En conséquence, le tribunal condamnera M. [W] à payer à LOCAM la somme de 1 000 € au titre de l’article 700 du code de procédure civile, déboutant du surplus de la demande.
Sur les dépens
M. [W] succombant, le tribunal le condamnera aux entiers dépens.
PAR CES MOTIFS
Après en avoir délibéré, le tribunal, statuant publiquement par jugement réputé contradictoire en premier ressort,
Condamne M. [W] [U] exerçant sous l’enseigne commercial FL GENIE CLIMATIQUE à payer à la SAS LOCAM – LOCATION AUTOMOBILES MATERIELS la somme en principal de 13 134,57 € outre intérêts au taux appliqué par la Banque Centrale Européenne à son opération de refinancement majoré de 10 points et ce, à compter du 25 janvier 2024.
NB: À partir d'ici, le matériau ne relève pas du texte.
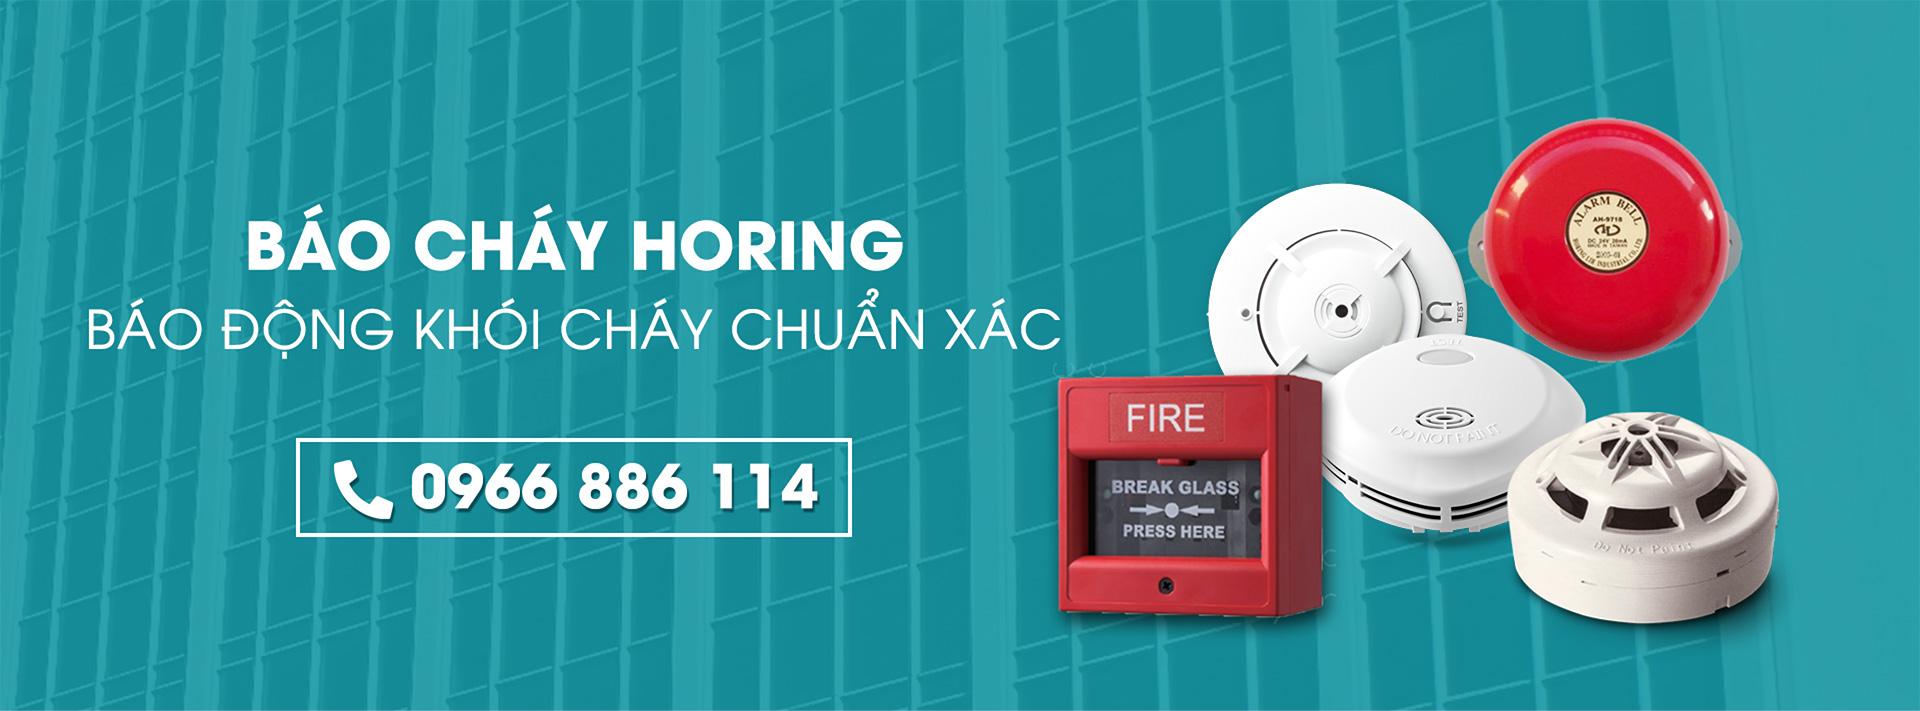 thiết bị báo cháy horing banner

Ordonne la capitalisation des intérêts par année entière en application des dispositions de l’article 1343-2 du code civil.
Ordonne à M. [W] [U] exerçant sous l’enseigne commercial FL GENIE CLIMATIQUE de procéder à la restitution des équipements loués, à ses frais, au siège social de la SAS LOCAM – LOCATION AUTOMOBILES MATERIELS, et ce sous astreinte de 15 € par jour de retard à compter du vingtième jour après la signification du présent jugement pour une durée maximum de 60 jours et se réserve le droit de liquider l’astreinte prononcée.
Condamne M. [W] [U] exerçant sous l’enseigne commercial FL GENIE CLIMATIQUE à payer à la SAS LOCAM – LOCATION AUTOMOBILES MATERIELS la somme de 1 000 € en application des dispositions de l’article 700 du code de procédure civile.
Rappelle que l’exécution provisoire est de droit et dit n’y avoir lieu à l’écarter.
Condamne M. [W] [U] exerçant sous l’enseigne commercial FL GENIE CLIMATIQUE aux entiers dépens.
Liquide les dépens du greffe à la somme de 90,53 euros, dont TVA 15,09 euros.
Délibéré par M. José-Luc LEBAN, président du délibéré, M. Patrice TAILLANDIER et M. Luc MARTY, (M. TAILLANDIER Patrice étant juge chargé d’instruire l’affaire).
Le présent jugement est mis à disposition au greffe de ce tribunal, les parties en ayant été préalablement avisées verbalement lors des débats dans les conditions prévues au deuxième alinéa de l’article 450 du code de procédure civile.
La minute du jugement est signée électroniquement par le président du délibéré et le greffier.